All those directories use alltogether about 6,3 TB, if you want to back them up you need at least the same capacity in your backup storage. I am using borgbackup, this program is compressing and deduplicating the data, and this spares a lot of capacity. For example here the backup result for my environment.
Original size Compressed size Deduplicated size
All archives: 6.32 TB 6.08 TB 3.21 TB
As you can see the compression is not that good, this comes from the type of data that I have (alltogether 3,2 TB for films, music oder photos. All those data type are already compressed and there is not many capacity that can be spared here. But the deduplication can almost spare half the capacity of my data.
At first we must install borgbackup, then create a small script.

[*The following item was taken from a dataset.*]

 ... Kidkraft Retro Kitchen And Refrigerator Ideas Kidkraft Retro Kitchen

apt install -y python3-pip borgbackup
python3 -m pip install pip –upgrade
Now initialize the backup directory
root@pve:~/bin# borg init -e repokey-blake2 /backup/pvetest/borgbackup
Enter new passphrase:
Enter same passphrase again:
Do you want your passphrase to be displayed for verification? [yN]: N
By default repositories initialized with this version will produce security
errors if written to with an older version (up to and including Borg 1.0.8).

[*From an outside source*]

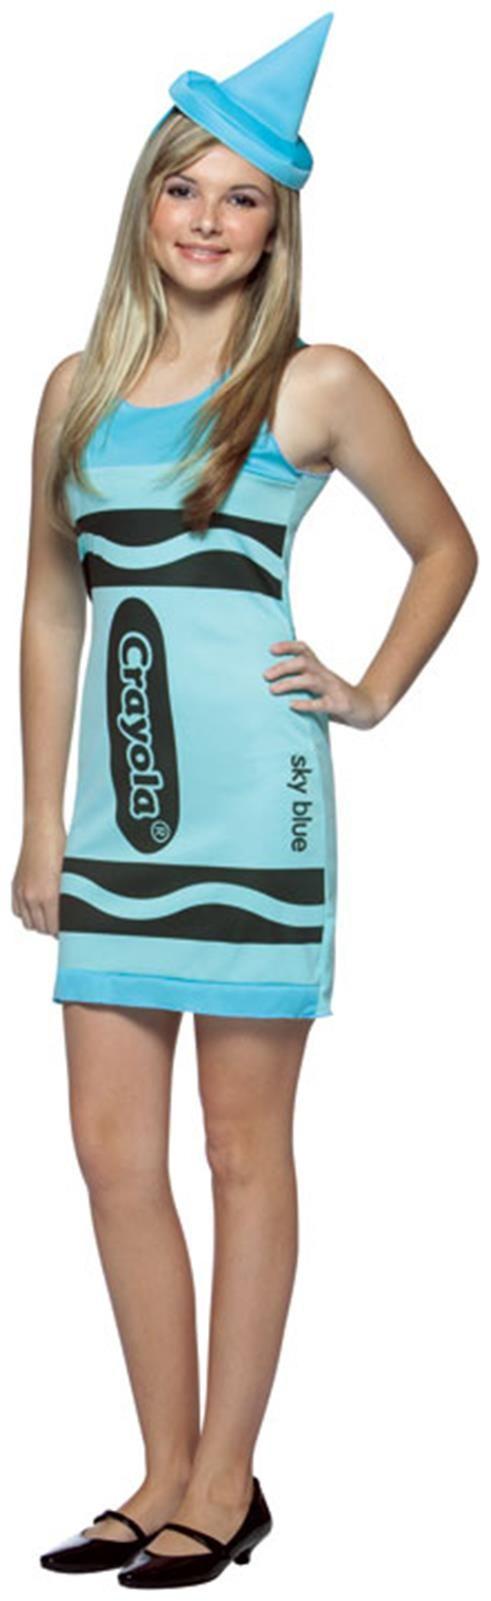 PartyBell.com - Sky Blue Crayola Crayon Teen #Costume

If you want to use these older versions, you can disable the check by running:
borg upgrade –disable-tam /backup/pvetest/borgbackup
See https://borgbackup.readthedocs.io/en/stable/changes.html#pre-1-0-9-manifest-spoofing-vulnerability for details about the security implications.

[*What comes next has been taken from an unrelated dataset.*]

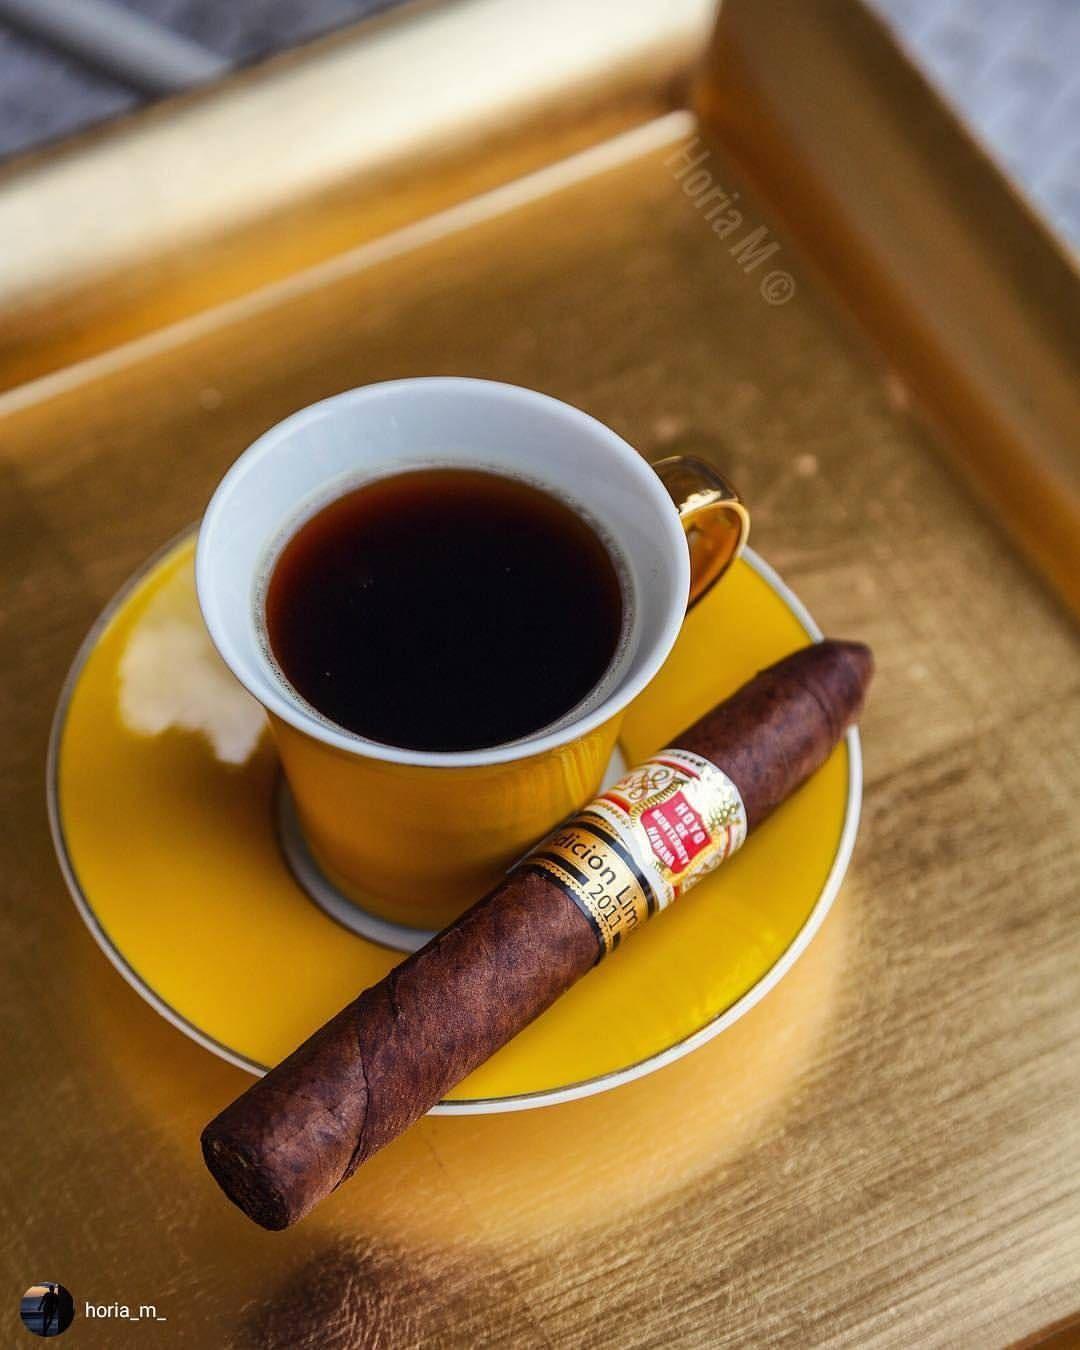 cuban cigars gay video

IMPORTANT: you will need both KEY AND PASSPHRASE to access this repo!
Use "borg key export" to export the key, optionally in printable format.
Write down the passphrase. Store both at safe place(s).
You will be prompted for a password for the encryption of your data on the disk.
Just follow the instruction. And please secure your password and the key, without them it is not possible to retrieve your data from the backup. If ypu don’t want any encryption just initialize with:
borg init -e none /backup/pvetest/borgbackup
Here the different possibilitiesfor the password/encryption mode:
repokey and keyfile |
use AES-CTR-256 for encryption and HMAC-SHA256 for authentication in an encrypt-then-MAC (EtM) construction. The chunk ID hash is HMAC-SHA256 as well (with a separate key). These modes are compatible with Borg 1.0.x. |
repokey-blake2 and keyfile-blake2 |
are also authenticated encryption modes, but use BLAKE2b-256 instead of HMAC-SHA256 for authentication. The chunk ID hash is a keyed BLAKE2b-256 hash. These modes are new and not compatible with Borg 1.0.x. |
authenticated |
mode uses no encryption, but authenticates repository contents through the same HMAC-SHA256 hash as the repokey and keyfile modes (it uses it as the chunk ID hash). The key is stored like repokey. This mode is new and not compatible with Borg 1.0.x. |
authenticated-blake2 |
is like authenticated, but uses the keyed BLAKE2b-256 hash from the other blake2 modes. This mode is new and not compatible with Borg 1.0.x. |
none |
mode uses no encryption and no authentication. It uses SHA256 as chunk ID hash. This mode is not recommended, you should rather consider using an authenticated or authenticated/encrypted mode. This mode has possible denial-of-service issues when running borg create on contents controlled by an attacker. Use it’s only for new repositories where no encryption is wanted and when compatibility with 1.0.x is important. If compatibility with 1.0.x is not important, use authenticated-blake2 or authenticated instead. |
If you want to keep your backups in the net a password and encryption is crucial.
Now our backup script:
#!/bin/bash
##################################
### Beispieldaten:
### logDirectory="/var/log/pve/"
### backupDiscMount="/backup/pvetest/borgbackup/"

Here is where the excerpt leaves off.